Today Nicaragua has its own problems: Daniel Ortega and the Sandinistas. To quote Gerry Adams, they’re still around, you know. In Panama I worked with George Rivas, who had been the translator for William Stewart, the ABC News reporter who was shot by one of Somoza’s National Guard soldiers. George was a Jehovah’s Witness from Louisiana. In Nicaragua he met and married his wife, Cristina. She had been involved with the Sandinistas herself.

After Nicaragua, he moved back to New Orleans so Cristina could learn English. The Canal had a procurement office at 4400 Dauphine Street. George then got a job in my office in Panama and stayed after I left. It was around this time that George broke up with Cristina. Cristina took this badly.

The split was theatrical: George fell in love with a Panamanian stripper who worked at the same dive written about by William Burroughs in his novel Junkie.

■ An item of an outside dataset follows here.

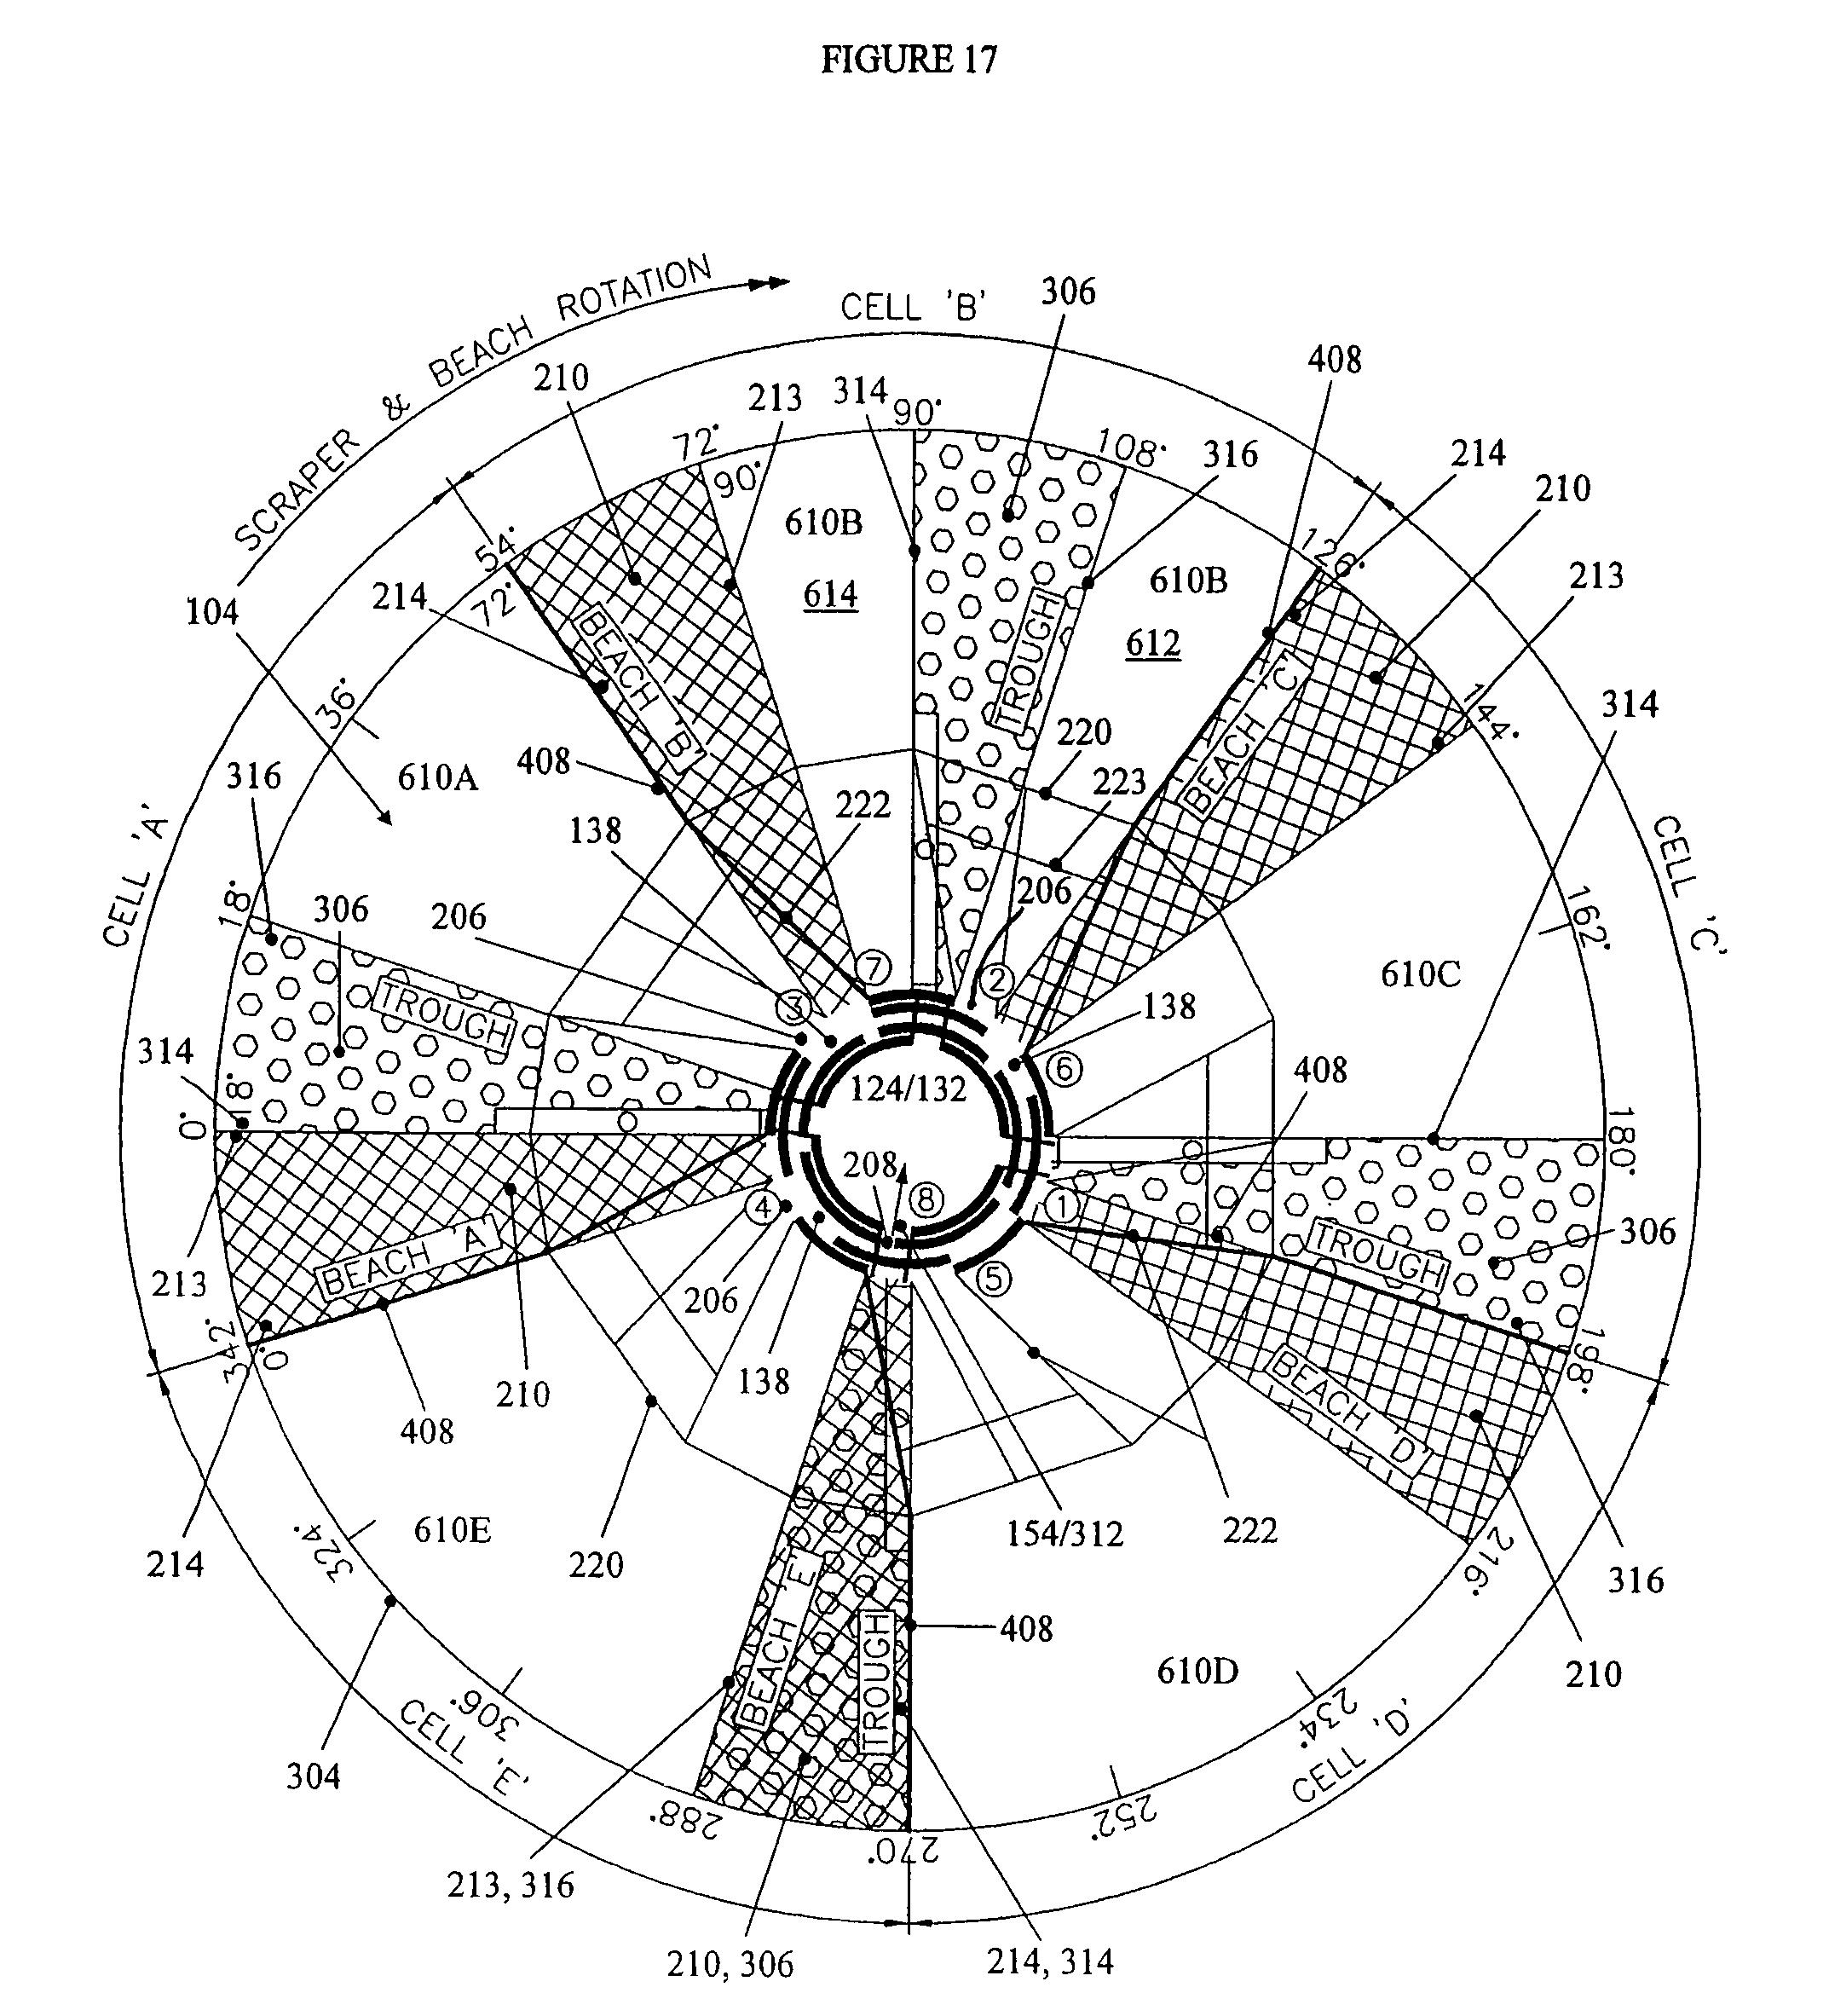 Amazing One Wire Alternator Conversion Frieze - The Wire - magnox.info

After shooting his wife, Burroughs headed south and spent some time in Panama before continuing on to Colombia where he experimented with ayahuasca, said to be a therapy to cure heroin addiction.

Cristina saw her husband and his new friend sitting in his car at the Balboa train station, a place where trains then appeared only twice each day. The discovery upset her. She drove into the station, accelerated and rammed her husband’s car from behind.

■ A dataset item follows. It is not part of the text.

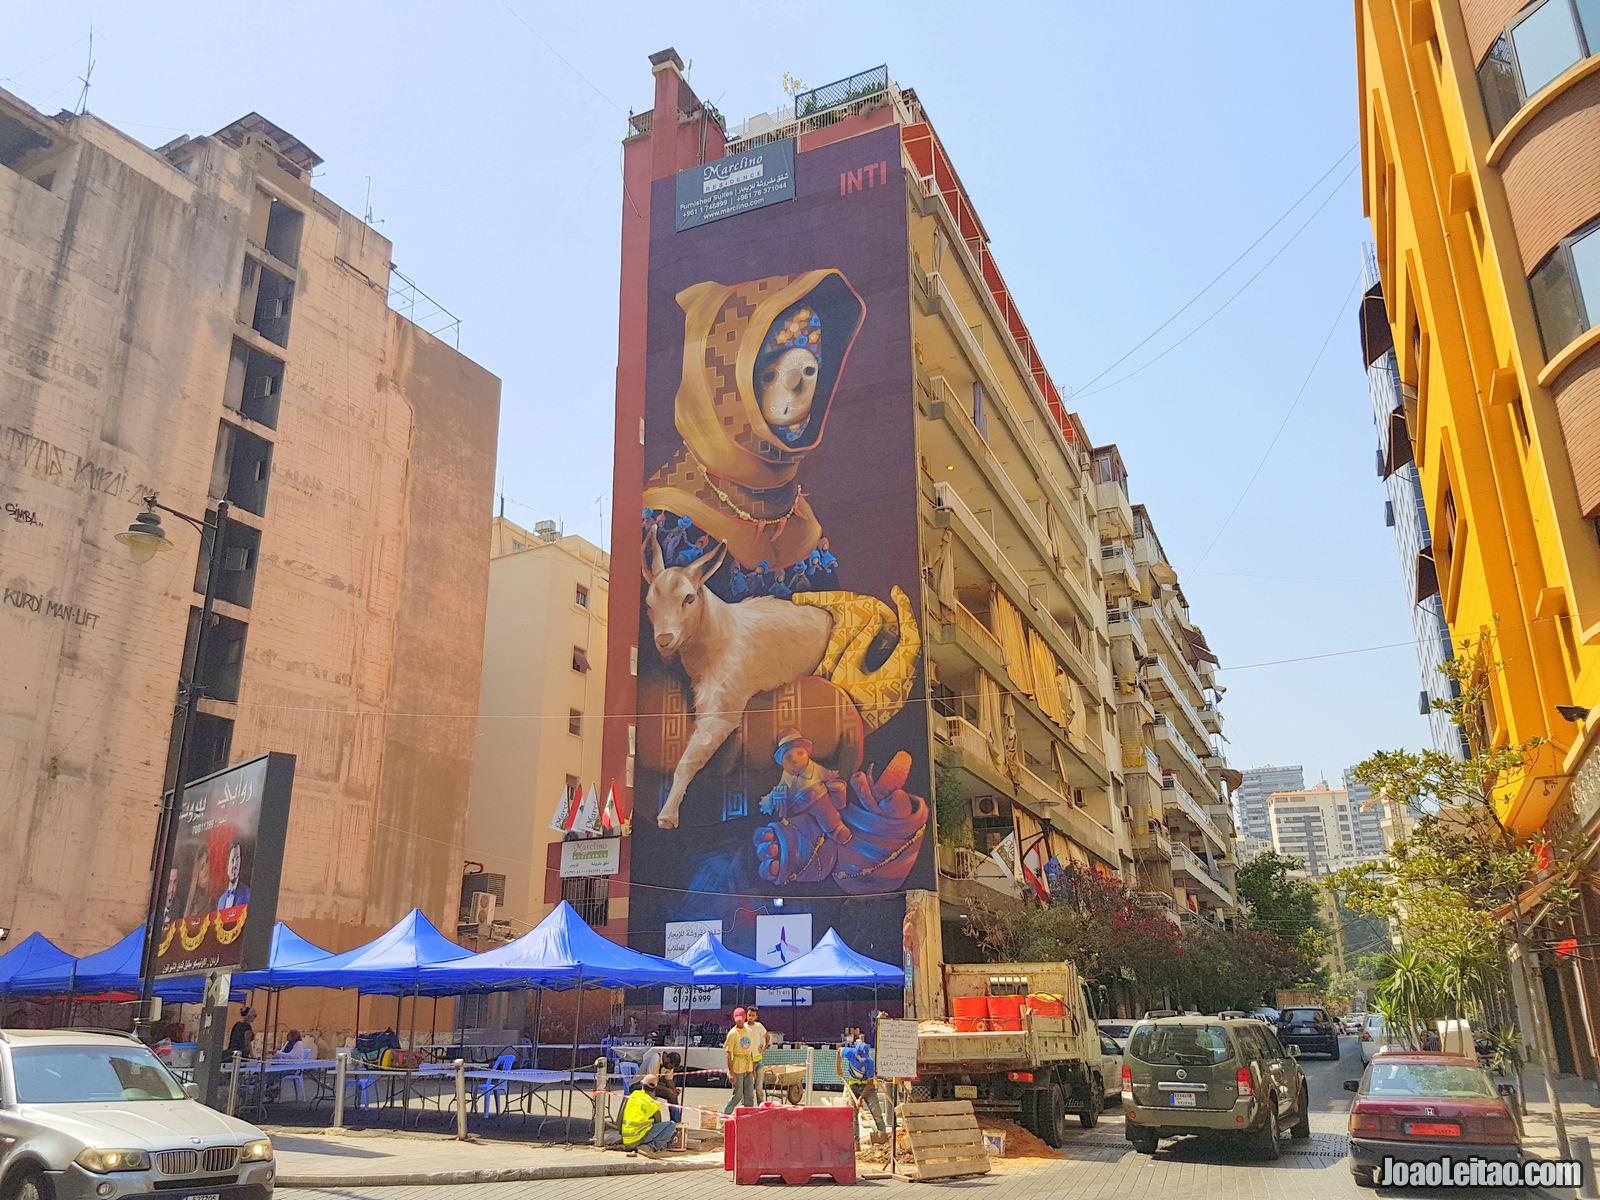 FOTO DE BEIRUTE NO LIBANO

It is a bad idea to fight with your wife; it is a worse idea to fight with your wife when she has military training provided by a guerrilla army that successfully overthrew a government.

The Panamanian Defense Forces, then under the command of General Noriega, responded. The Zonians took Cristina’s side even though she was a newcomer and neither Panamanian nor American. Even the Witnesses had had enough and excommunicated Ted. He told me that he was confident he would someday be re-admitted to his faith and he did achieve this much later.

Cristina must have shared her military credentials earned during the war to overthrow Tacho because the Defense Forces did nothing and let her go. Eventually George divorced Cristina, resigned and moved to Miami. There he got a job in City Hall.

I was in Miami from 1985 to 2001, before I made the fateful decision to work in Saudi Arabia. There I saw George only twice. Back in the US, George married an FBI agent. I suppose it would have been awkward for us to socialize together as his new wife was working hard to put my clients in jail.

George then moved back to New Orleans, where he now works for the park district. I got his email from their web site and put him on the mailing list for my A Brief Unpleasantness pandemic newsletter from Bahrain, but I never heard from him.

From him and Cristina I learned a good deal about the war in Nicaragua. When I left Panama in 1985, the Contra war was hot. And Noriega? To quote an LA newspaper, He was our guy.